3. The method of claim 2, further comprising:
processing the concatenated hypothesis vectors data independently using a fifth recurrent network to generate fifth hypothesis independent recurrent network data;
processing the concatenated premise vector data independently using a seventh recurrent network to generate seventh premise independent recurrent network data;
processing the concatenated premise vectors data dependently with the fifth hypothesis independent recurrent network data using a sixth recurrent network to generate sixth premise dependent recurrent network data;
processing the concatenated hypothesis vector data dependently with the seventh premise independent recurrent network data using an eighth recurrent network to generate eighth hypothesis dependent recurrent network data; pooling the sixth premise dependent recurrent network data and the seventh premise independent recurrent network data to combine independent and dependent premise data and generate second pooled premise data;
pooling the fifth hypothesis independent recurrent network data and the eighth hypothesis dependent recurrent network data to combine independent and dependent hypothesis data and generate second pooled hypothesis data;
pooling the second pooled premise data to generate premise sequence pooling data which independently combines the second pooled premise data; and
pooling the second pooled hypothesis data generate hypothesis sequence pooling data which independently combines the second pooled hypothesis data.

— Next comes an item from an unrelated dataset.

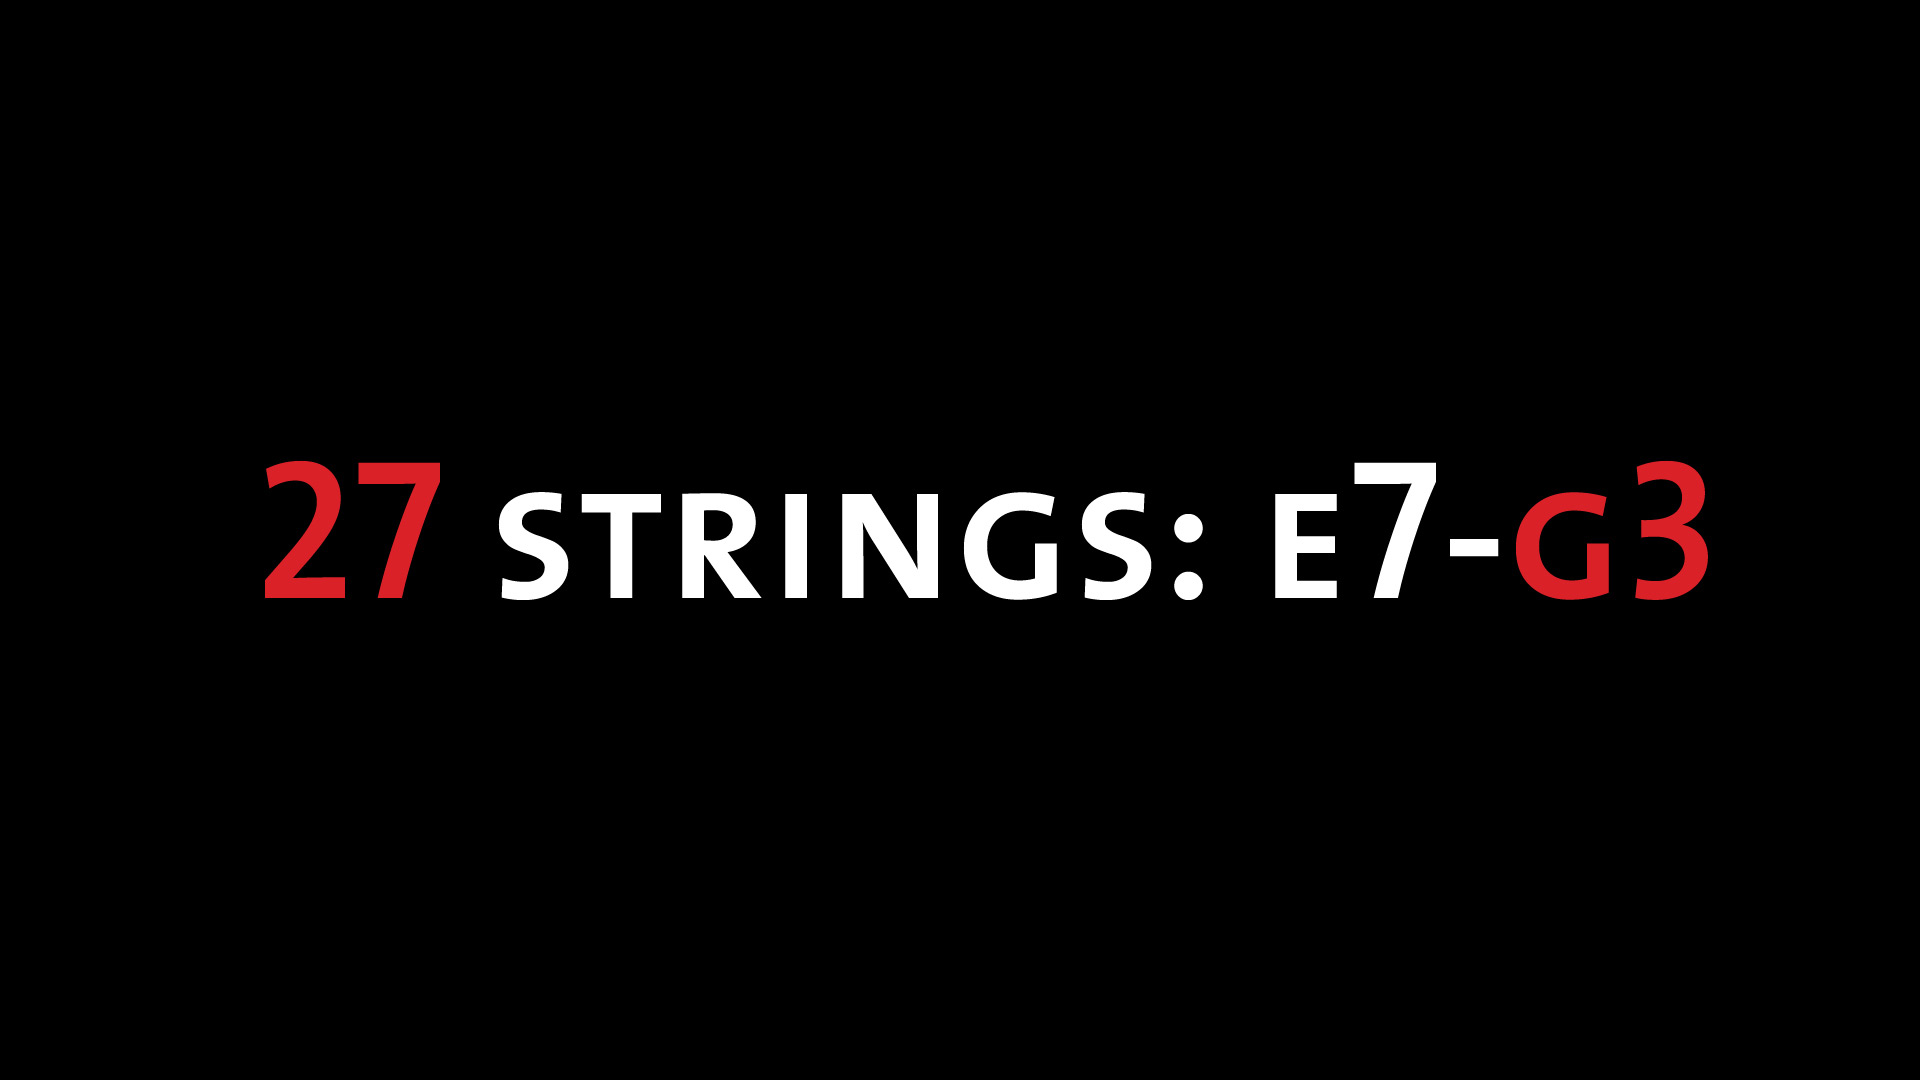 27 strings: E7-G3

4. The method of claim 3, further comprising:
generating concatenation data of the premise sequence pooling data and the hypothesis sequence pooling data;
classifying the concatenation data using a feed-forward neural layer which feeds into an additional softmax function, wherein the output of classifying the concatenation data indicates a relationship between the natural language inference pair and is selected from the group consisting of entailment, neutral, and contradiction.
5. The method of claim 4, wherein entailment indicates the data indicative of the hypothesis is entailed by the data indicative of the premise in a natural language inference, wherein contradiction indicates the data indicative of the hypothesis is contradicted by the data indicative of the premise in the natural language inference, and neutral indicates the data indicative of the hypothesis is not a entailed or contradicted by the data indicative of the premise in the natural language inference.
6. The method of claim 1 , wherein the first recurrent network is a first bidirectional long short term memory (Bi-LSTM) network, the second recurrent network is second Bi-LSTM network, the third recurrent network is a third Bi-LSTM network, the fourth recurrent network is a fourth Bi-LSTM network, the fifth recurrent network is a fifth Bi-LSTM network, the sixth recurrent network is a sixth Bi-LSTM network, the seventh recurrent network is a seventh Bi-LSTM network, and the eighth recurrent network is an eighth Bi- LSTM network.
7. The method of claim 1 , further comprising preprocessing the data indicative of the premise and the data indicative of the hypothesis which form the natural language inference classification pair.
8. At least one non-transitory computer-readable medium comprising instructions that, in response to execution of the instructions by one or more processors, cause one or more processors to perform the following operations:
obtaining (202) data indicative of a premise (310) and data indicative of a hypothesis (312), wherein the data indicative of the premise and the data indicative of the hypothesis form a natural language inference classification pair;
processing the data indicative of the hypothesis independently using a first recurrent network (314) to generate first independent hypothesis data;
processing the data indicative of the premise independently using a third recurrent network (318) to generate third independent premise data;
processing the data indicative of the premise dependently with the first independent hypothesis data using a second recurrent network (316) to generate second dependent premise data;
processing the data indicative of the hypothesis dependently with the third independent premise data using a fourth recurrent network (320) to generate fourth dependent hypothesis data (334);
pooling the second dependent premise data and the third independent premise independent data to combine independent and dependent premise data and generate pooled premise data (336);
pooling the first independent hypothesis data and the fourth dependent hypothesis data to combine independent and dependent hypothesis data and generate pooled hypothesis data; and
generating a pooled classification output by combining the pooled premise data and the pooled hypothesis data, wherein the pooled classification output is selected from the group consisting of entailment, neutral, and contradiction.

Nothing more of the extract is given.